# 94l reef tank



## bigd_1 (May 31, 2011)

so my new tank comes tomorrow if its in one peace a 94l salt water tank what is the 1st salt water setup i have done so plan tomorrow is to get 20kg ish of live rock a bag of live sand have got 33l of nutri-seawater so going a pick up 41l of salt water and 16l of Ro water :mf_dribble:


----------



## reptiles-ink (Nov 4, 2006)

It's the same size as my first marine.
Have you looked into getting an rodi unit to make your own ro water?
Mine was about £50 which gives 0 tds and it's always there as and when I need it. It's amazing how much water is lost due to evaporation so soon pays for itself.


----------



## bigd_1 (May 31, 2011)

reptiles-ink said:


> It's the same size as my first marine.
> Have you looked into getting an rodi unit to make your own ro water?
> Mine was about £50 which gives 0 tds and it's always there as and when I need it.
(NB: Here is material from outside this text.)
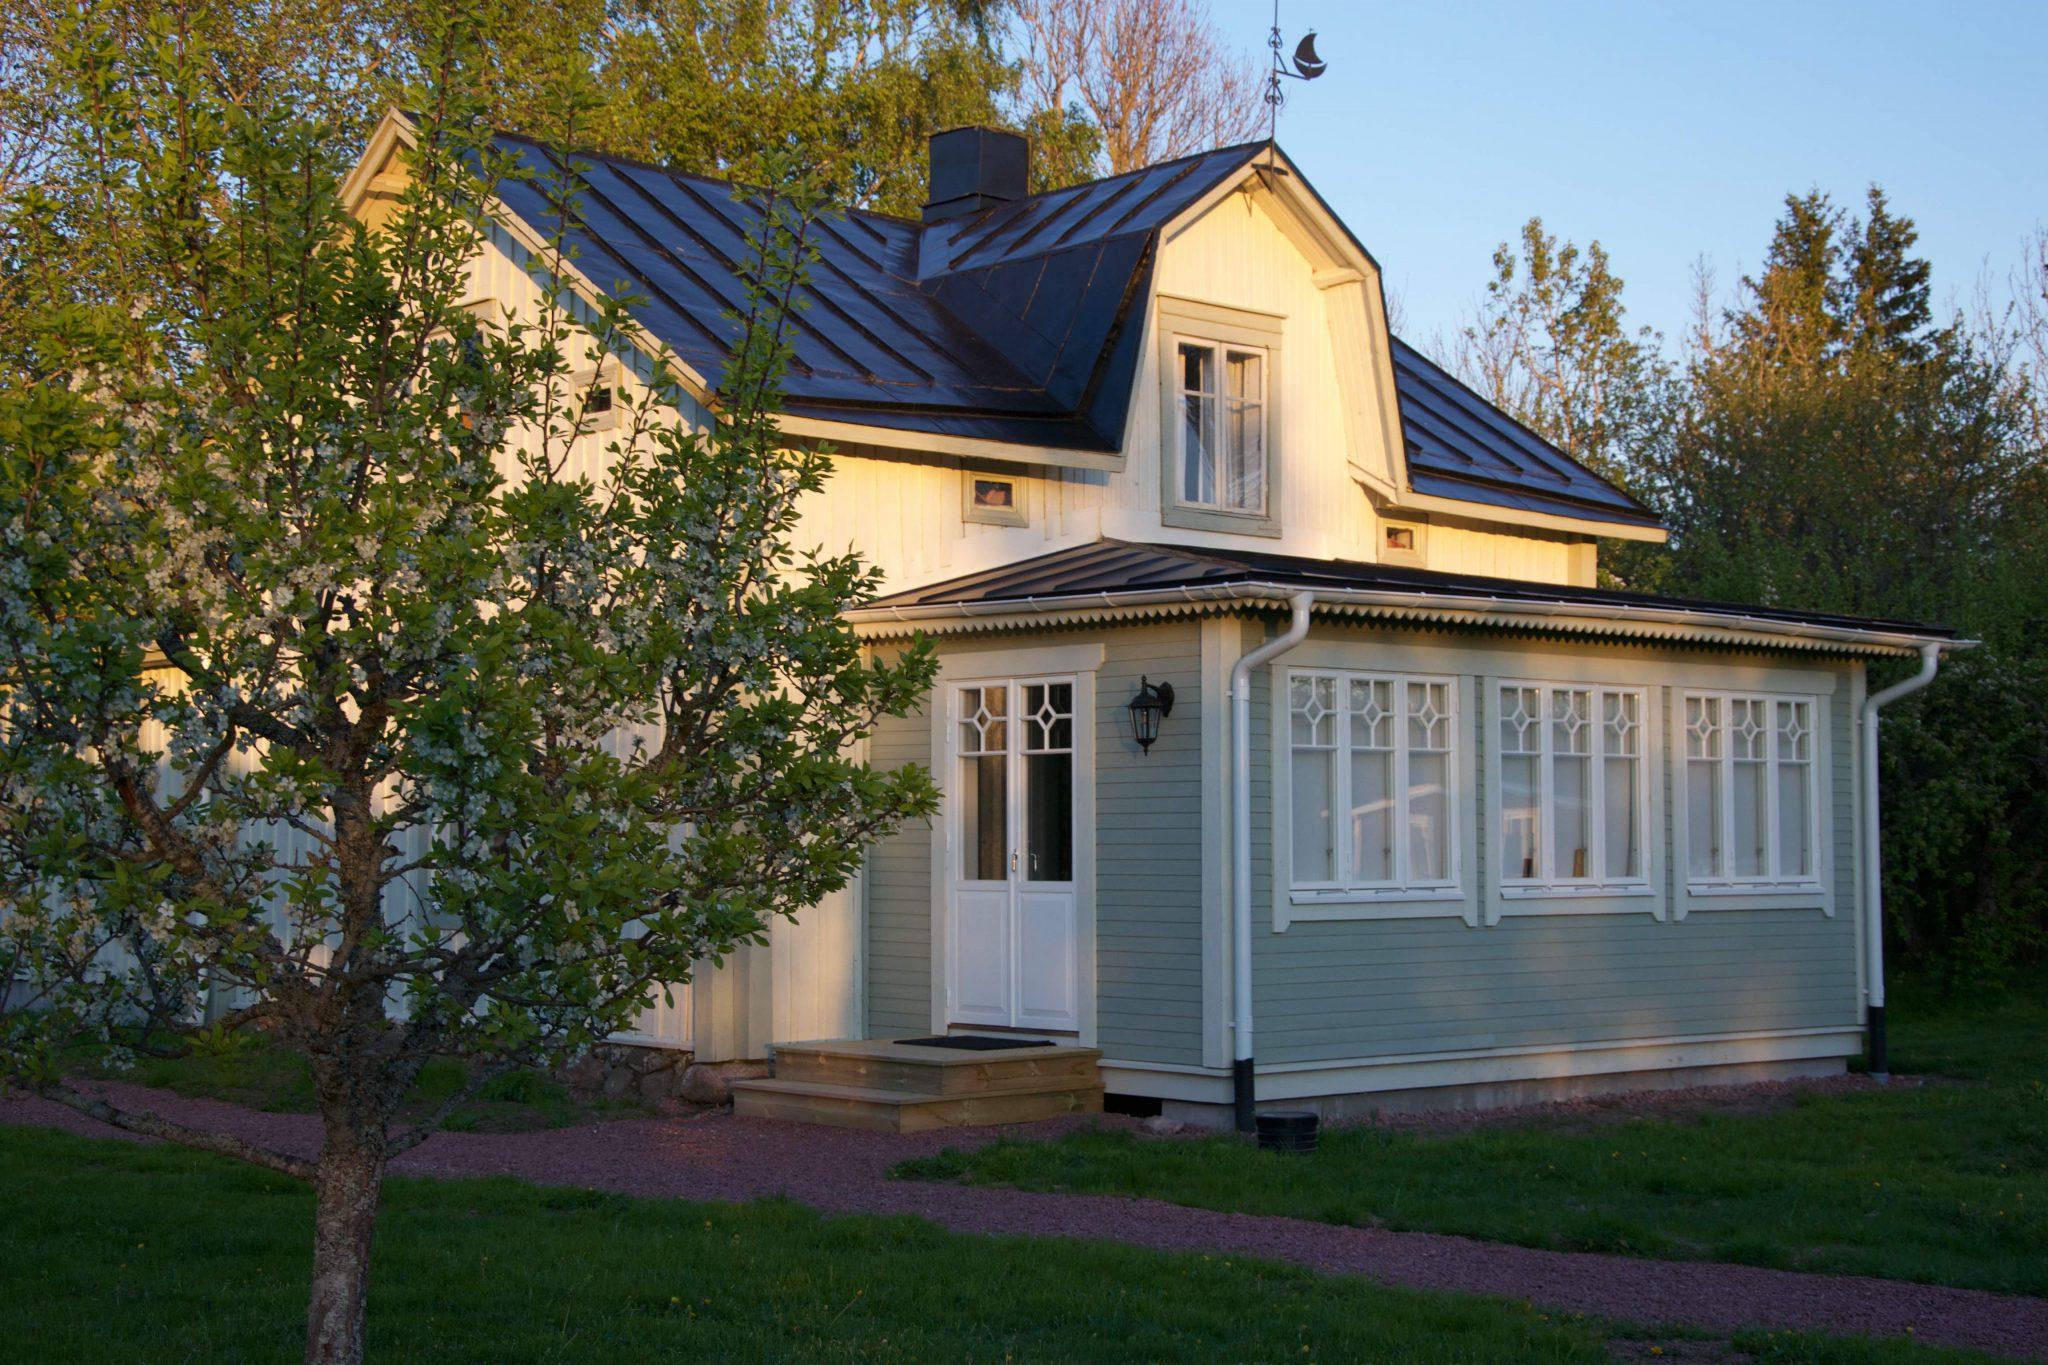 Mormorskvall

It's amazing how much water is lost due to evaporation so soon pays for itself.


yep am looking in to getting a rodi unit soon just like to get the tank up and running 1st where you get your rodi unit from ?


----------



## reptiles-ink (Nov 4, 2006)

I got mine from a good seller on ebay.
Just make sure it's got the extra Di stage to get 0 tds.


----------



## bigd_1 (May 31, 2011)

reptiles-ink said:


> I got mine from a good seller on ebay.
> Just make sure it's got the extra Di stage to get 0 tds.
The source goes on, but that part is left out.